Observateur et analyste attentif de la politique, le professeur Gilbert Larochelle s’inquiète de la fragmentation de la société occidentale. Il déplore la montée en puissance des minorités, de la place accordée aux plus infimes groupes et organismes sociaux. Selon lui, cette situation est d’autant plus difficile à cerner qu’elle repose sur les valeurs de base de l’humanité, soit la dignité et la liberté intrinsèque de l’homme.
«Le relativisme est fallacieux. Il nous faut protéger les droits des minorités. Il faut faire preuve de justice. Mais on ne peut pas affirmer que tous les points de vue sont égaux. Dans ce cas, il n’y a simplement plus de débats de société possible. Or, à l’heure actuelle, les enjeux et les débats se font au profit des minorités, que ce soit les droits des homosexuels, ceux des citoyens qui veulent mourir dans la dignité, du droit des pères monoparentaux (Father-4-justice). Tout cela au nom de la dignité et de la liberté humaine. Il n’y a plus de projet rassembleur, de notion de société et de valeurs communes », expose Gilbert Larochelle.

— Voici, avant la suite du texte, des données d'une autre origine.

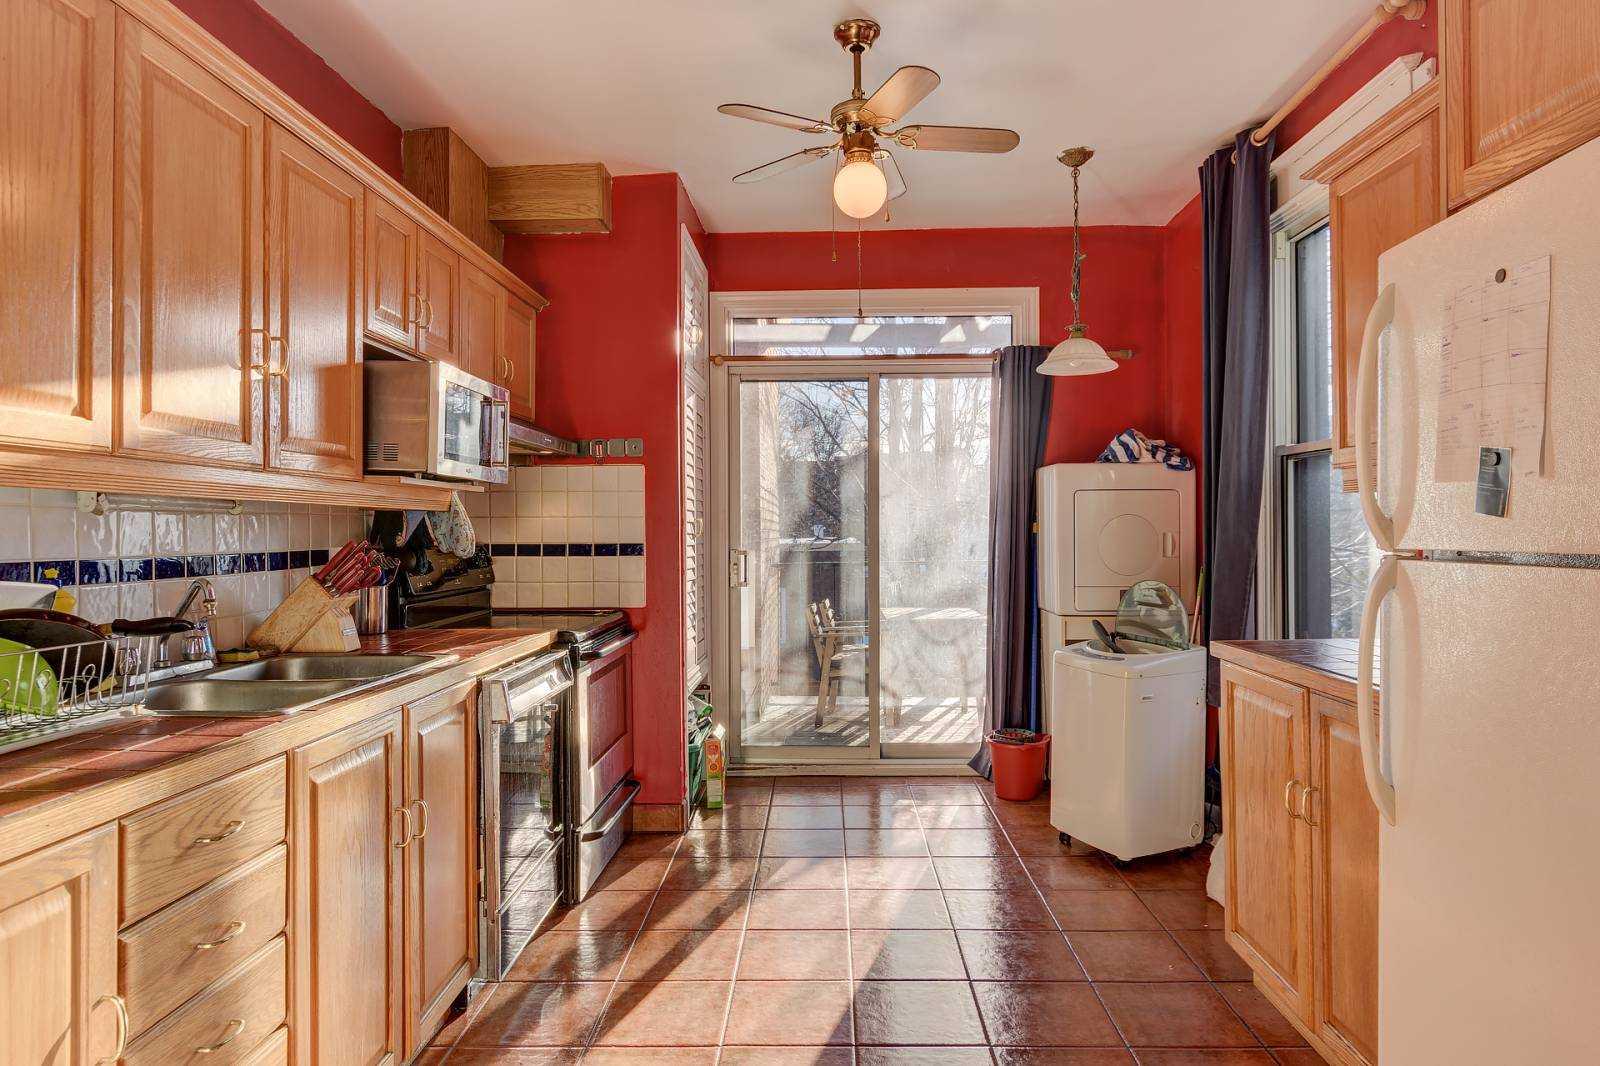 rooms-to-rent-mtl-kitchen-3

Il croit que cette particularisation de la politique explique en partie la désaffection des citoyens envers ce domaine. Trop fragmenté, celui-ci ne représente finalement plus personne et n’interpelle plus les citoyens.
« Il n’y a plus de projet commun dans l’espace public québécois. On n’y retrouve plus, comme dans tout l’occident d’ailleurs, qu’un ensemble de différences érigées en système. Et ces différences se confrontent les unes aux autres », illustre M. Larochelle.
À l’échelle mondiale, cette division crée des failles entre l’occident, l’orient et même les sociétés africaines.
Pour le professeur Larochelle, l’étude de ce phénomène représente un défi très lié au processus de légitimation et de persuasion employé par les dirigeants politiques.
Il soutient que ceux-ci doivent s’appuyer plus que jamais sur la philosophie politique afin de redéfinir des concepts qui pourraient à nouveaux agir comme éléments fédérateurs de l’humanité.
Des concepts d’autant plus nécessaires qu’ils définissent l’essence même d’une collectivité et lui donnent un élan afin d’évoluer.